A year since we have been teaching during a pandemic.


A year since we were in school teaching “normal.”


A year since we got to enter our classrooms mask free.


A year since COVID-19 changed everything we thought we knew about teaching.


And here we are, one year in. Still Standing. Teachers, I hate the corny shit-- but say it. "I survived teaching during a pandemic."


On March 13, me and my teacher bestie Julio danced at the spirit week dance (because if you ain’t dancing at an awkward high school dance are you even doing it right? Like you, we had no idea that COVID-19 would shut down our schools and impact us as a Nation the way it did. What we thought was an extra week tagged onto spring break turned into more than any of us had bargained for.


More than any of us could prepare for.



As we made our way through the year, I got the hang of it. It wasn’t easy, but I kept thinking of my students.


How were they doing? Is everything alright at home? Are they having to help their parents juggle siblings and elementary school zoom calls? Are they eating enough? Were their parents out of work? How were they coping being in their room alone all day? Or how were they on their phone all day when we know social media makes anxiety, depression, and suicide rates increase?


I missed them dearly, but there was nothing we could do to really know how they were doing from behind a screen.

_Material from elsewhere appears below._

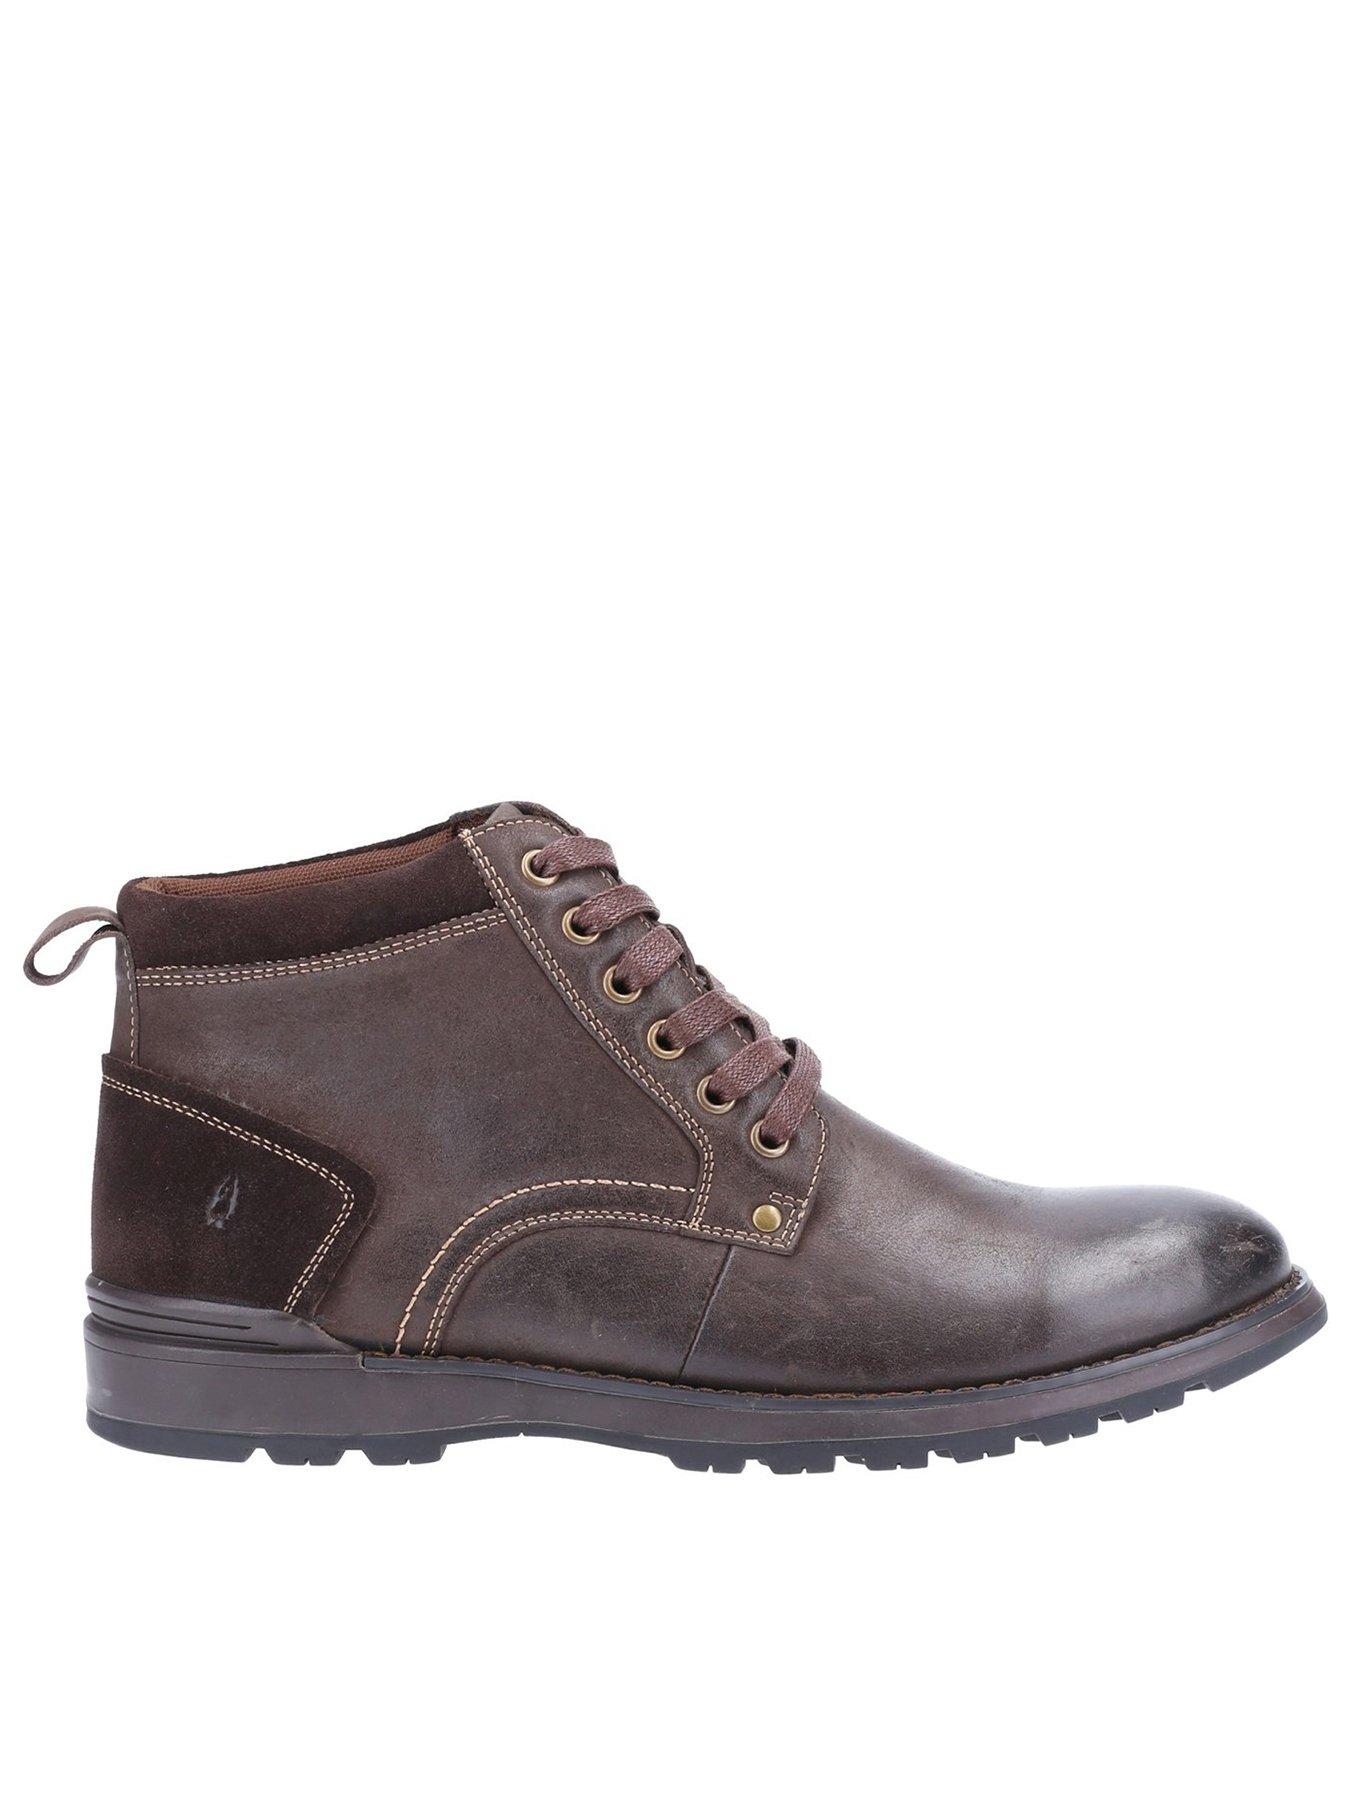 Hush Puppies Dean Leather Lace Up Boots - Brown | very.co.uk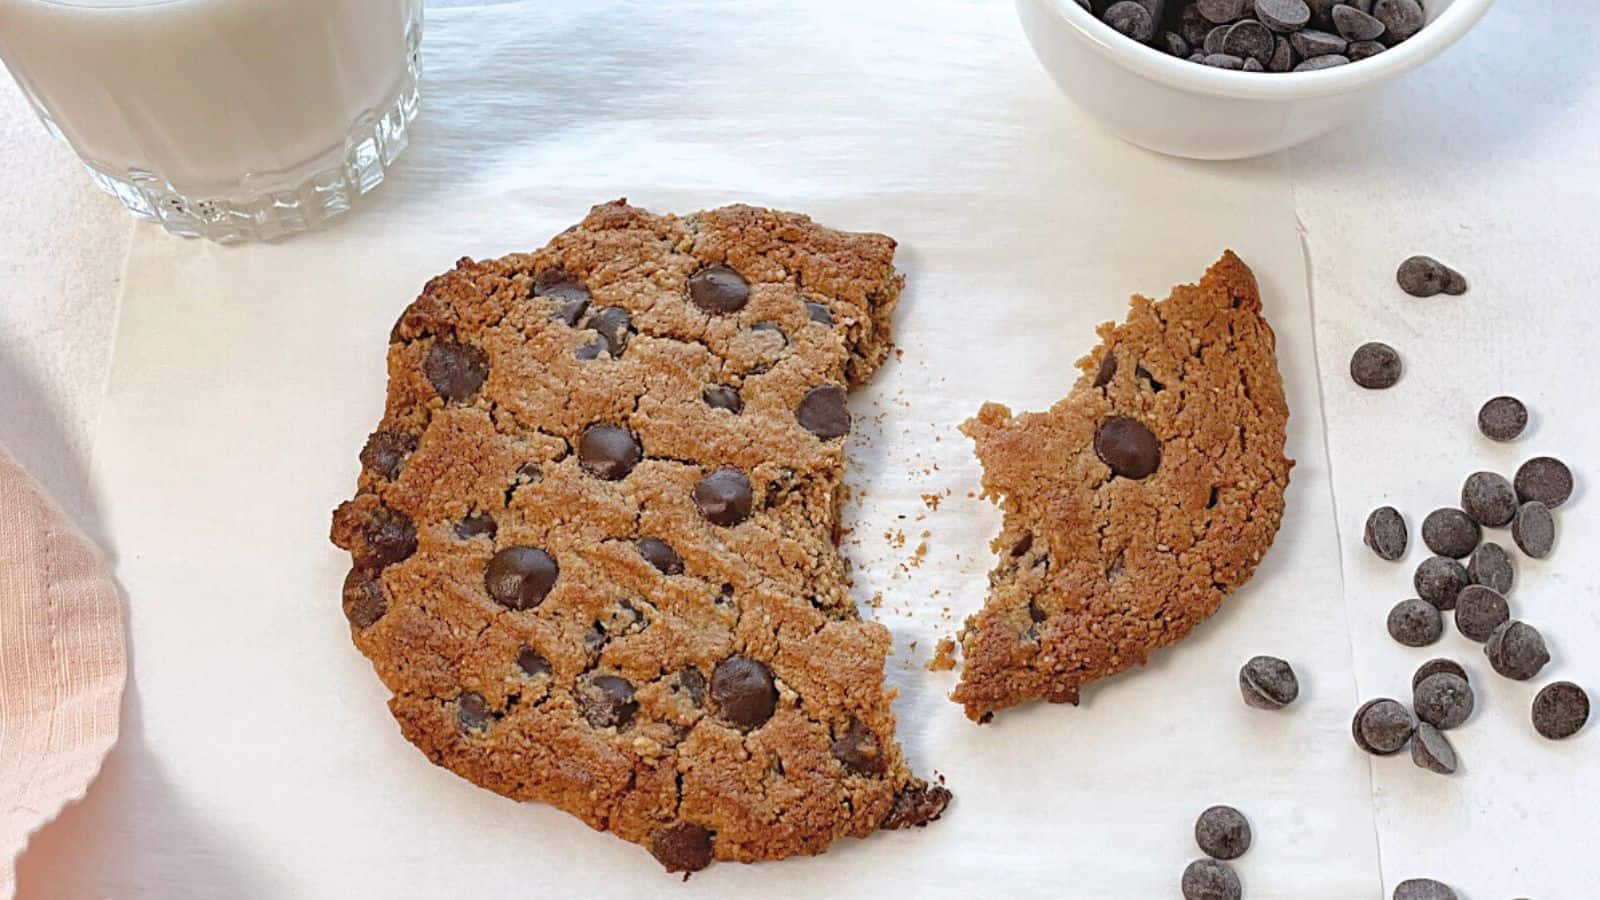 <p>Treat yourself to a healthier twist on a classic favorite with this single-serve chocolate chip cookie recipe. Providing an effortless chocolate fix, it’s made with wholesome ingredients and bakes in minutes for a warm and satisfying treat. Perfect for satisfying cravings without overindulging, it’s a guilt-free dessert option.<br><strong>Get the Recipe: </strong><a href="https://littlebitrecipes.com/single-serve-cookie-vegan/?utm_source=msn&utm_medium=page&utm_campaign=msn">Healthier Single-Serve Chocolate Chip Cookie</a></p>

Fast Forward to August of 2020, I was terrified that my school decided to move towards hybrid learning. I had three children of my own who would have to move to face-to-face learning so I could return to teaching. I was 5 months pregnant with Hero. Nobody knew shit about COVID in general, let alone the effects it had on pregnant women.


I do know, I was ready to be back in the classroom. Mask on face, disinfectant spray in hand (not really because Lysol was, like, impossible to find). But I did have hand sanitizer and some germ killing alcohol wipes the school provided.


Phrases like “we are all in this together” and “take care of yourself” were thrown around.


Many educators left the classroom this year because they could not handle the stressors of COVID.


So what about the kids?



How proud of them should we be for showing up?


Now that it seems the Nation is still split with schooling options, I see on TikTok and IG teachers sharing a combo of virtual, in-person, and hybrid learning to accommodate families. But still I ask you, what about the kids?


What was it like not as a teacher or a parent during the pandemic, but as a student?


This COVID-19 Year 1 Reflection is an interactive activity to facilitate that conversation. Students will use a mixture of video, gifs, images, emojis, and text to allow them to look at the pandemic through one of a teenager, rather than just answering the same ‘ol question, “How are you?”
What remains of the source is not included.